-------- Given data

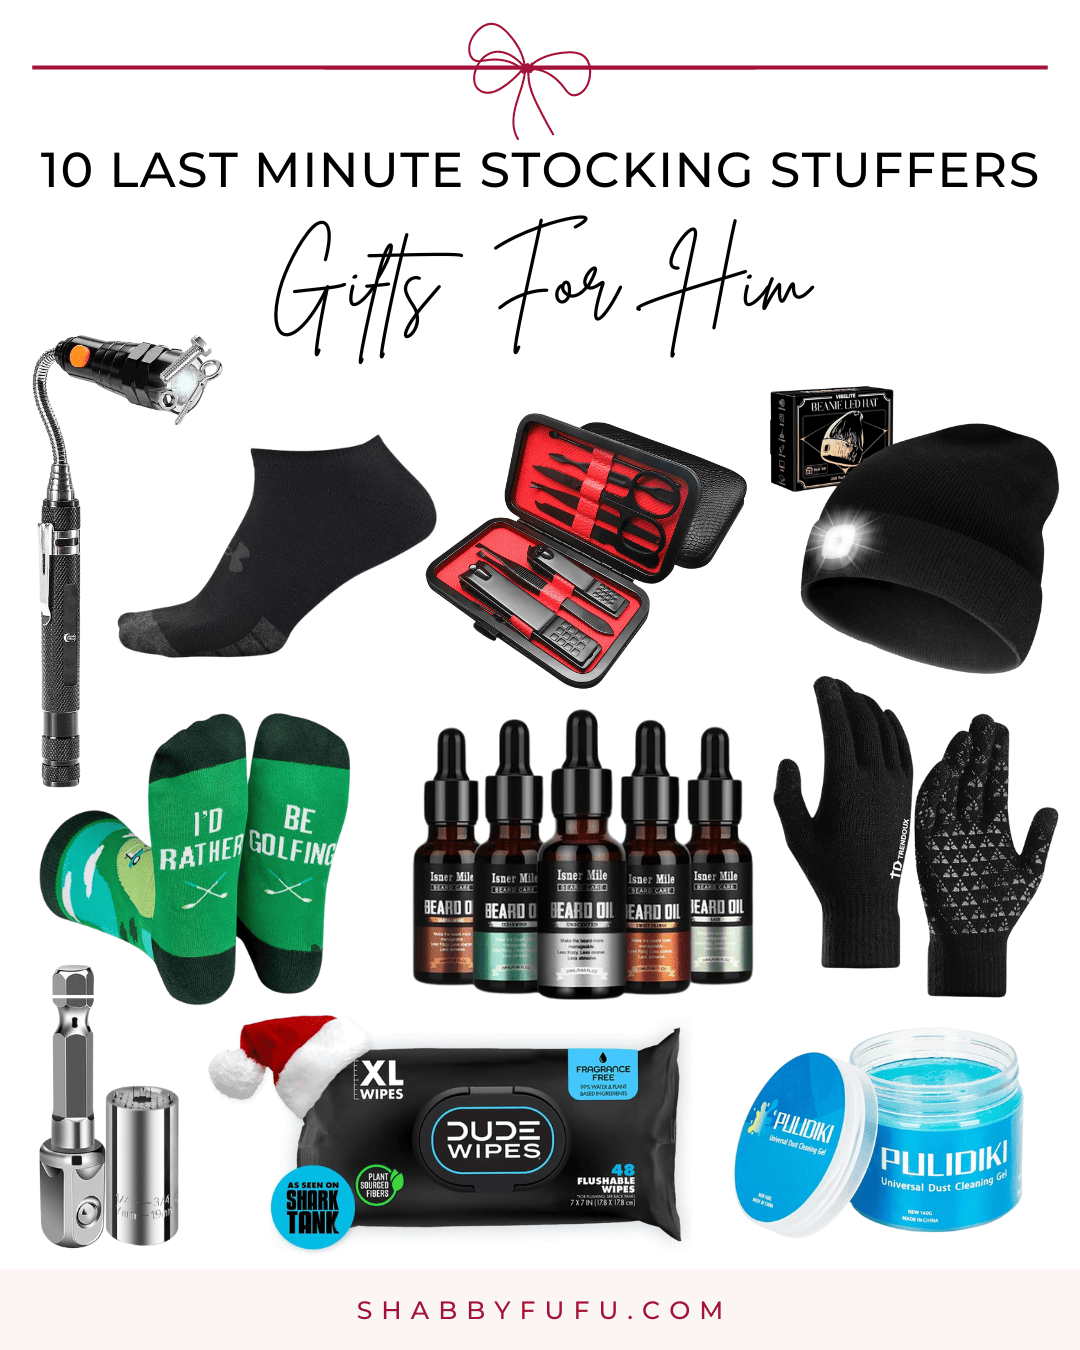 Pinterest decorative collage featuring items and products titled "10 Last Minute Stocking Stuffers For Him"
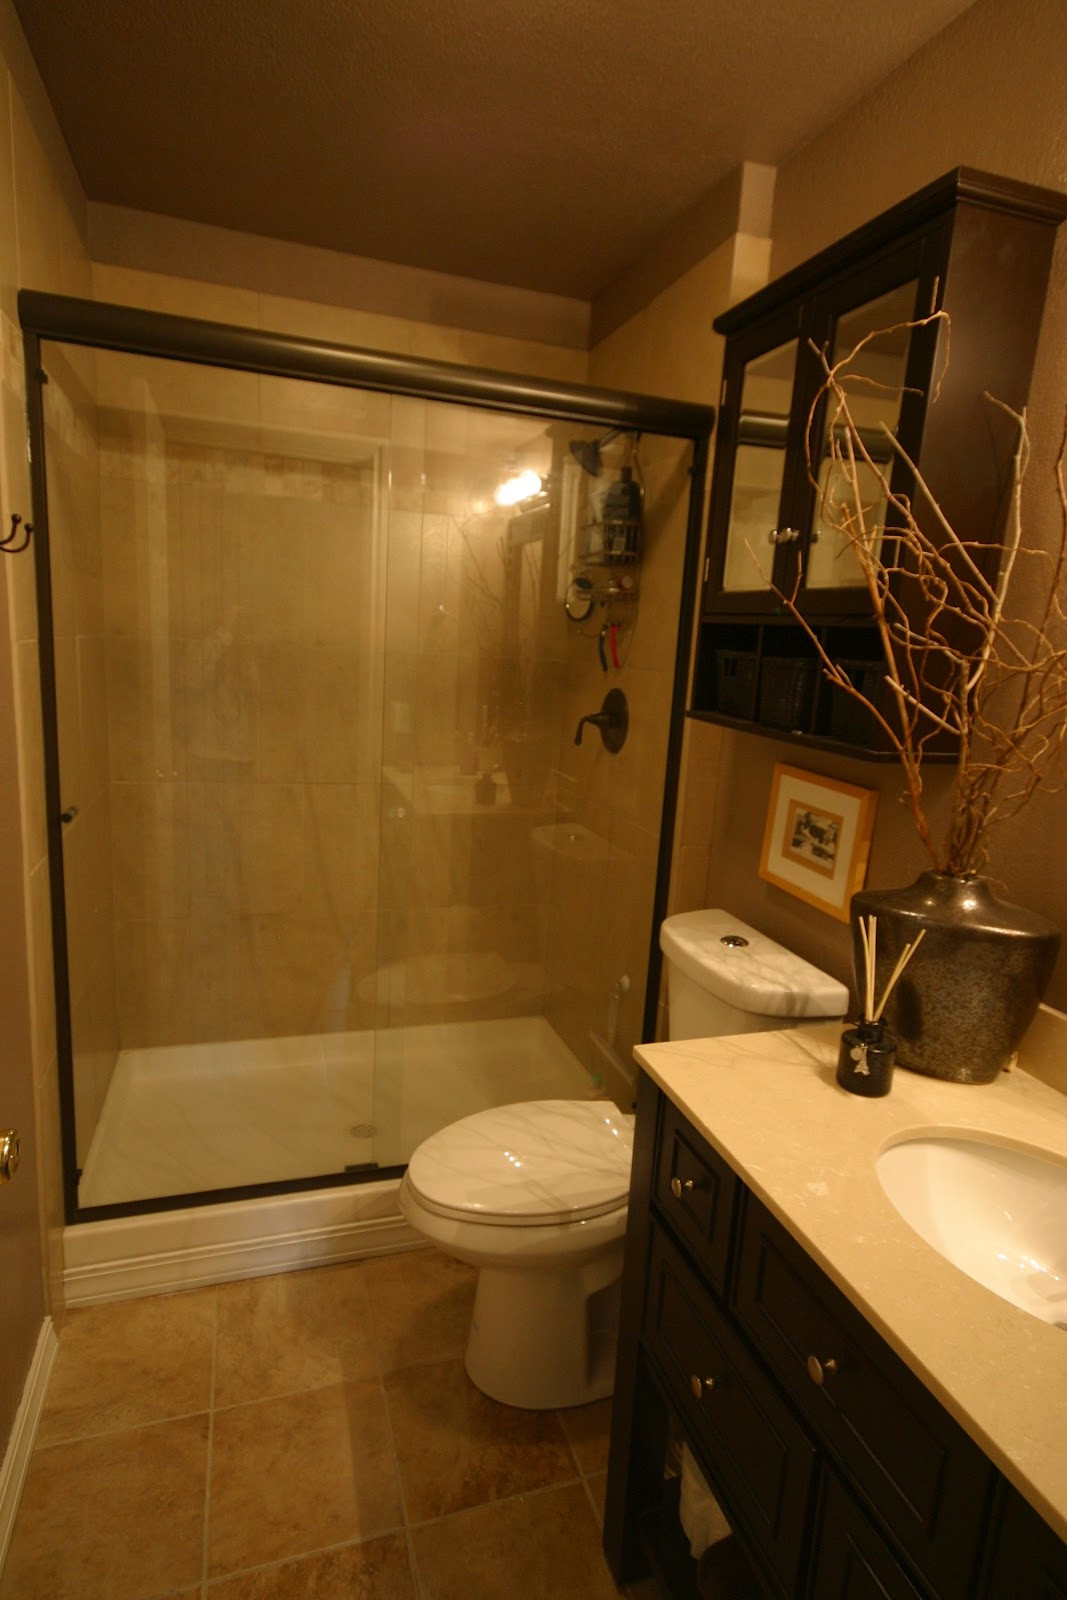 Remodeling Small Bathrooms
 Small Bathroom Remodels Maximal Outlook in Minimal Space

----------------

**Work instructions:**
Leaving out the pictures, output the listing above exactly as given.

**Output for this task:**
 Pinterest decorative collage featuring items and products titled "10 Last Minute Stocking Stuffers For Him"
 Remodeling Small Bathrooms
 Small Bathroom Remodels Maximal Outlook in Minimal Space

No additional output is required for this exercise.